"I am a woman built upon the wreckage of myself."

7.19.2011

Books and words are precious to me.

With the in between and down time that comes with my job, I read a lot.

Sometimes, it ends up being five books at a time because I am so easily distracted and smitten with new ones.

No, I do not have any kind of e-reader. Yes, logistically, it would make sense for me. But I just can't.

Here's why. (In case you were wondering).

I flew the red eye back from Los Angeles with a girl that loved to read just as much as I do.

Chris Cleave received a great deal of acclaim for his book, Little Bee (click for my mini review).

It was beautifully written, but I was glad to leave it behind because thematically it was so heavy.

Even in the several times I picked up Incendiary at the book store, I just couldn't bring myself to buy it because Little Bee left me so tired and sad.
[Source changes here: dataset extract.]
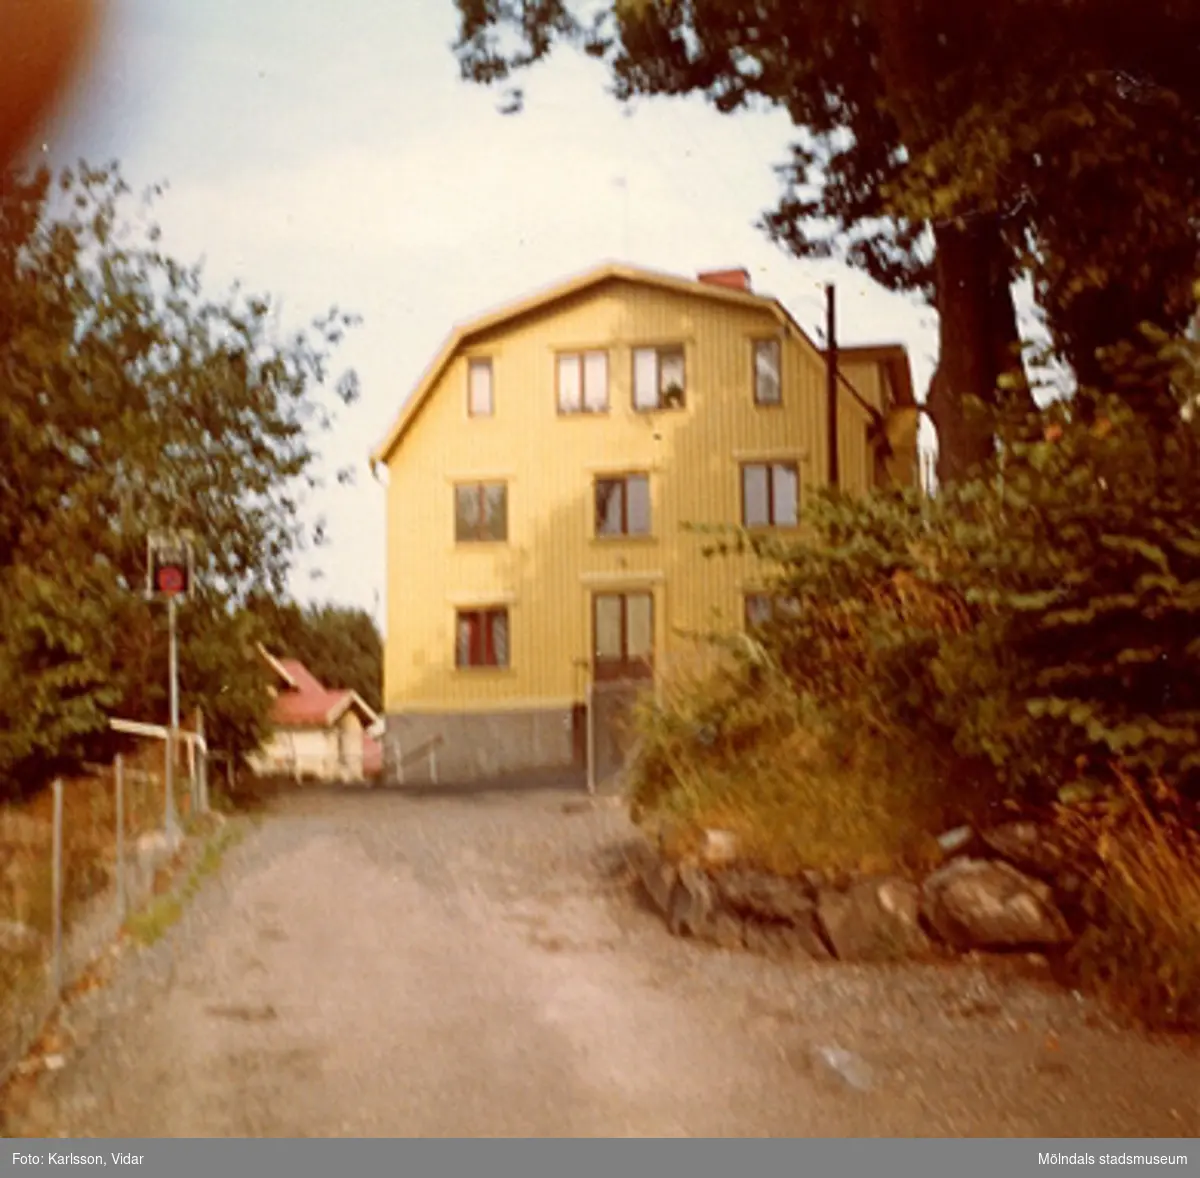 Roten G9, Norénska stiftelsens bostadshus (Johannehöjd), år 1972.

But I had several hours to myself. And my new flight attendant friend offered it to me since she had just finished it. And I accidentally read it in its entirety in a little over four hours.


Cleave wrote Incendiary well before Little Bee in what he described as 'six insomniac weeks in 2004' right after his son was born and he found himself horrified by the world he was born into.

"In an emotionally raw voice alive with grief, compassion, and startling humor, a woman mourns the loss of her husband and son at the hands of one of history’s most notorious criminals. And in appealing to their executioner, she reveals the desperate sadness of a  broken heart and a working-class life blown apart." (source)

It seemed to have been written in a frenzy, about a woman that I found very hard to know. Her selfishness and detachment made it difficult to empathize with her as much as I wanted to.

The stunning prose I devoured in Little Bee was thrown to the wayside as the punctuation and grammar was neglected in order to portray the voice of a woman lacking in finesse and social graces, but well acquainted with grief. (It's similar to The Color Purple in that it takes a few chapters before feeling familiar with the dialect and voice).

While I appreciated Cleave's ability to write about such a grotesquely bizarre story of grief, I just can't recommend it. Instead of resolve, the characters unraveled and I closed the book feeling as if I'd been dragged through a saga that never had resolve. It was harrowing without hope, and I felt consistently alienated from the characters due to their lack of compassion for anyone.

Chris Cleave is a fantastically gifted writer. But boy wears me out.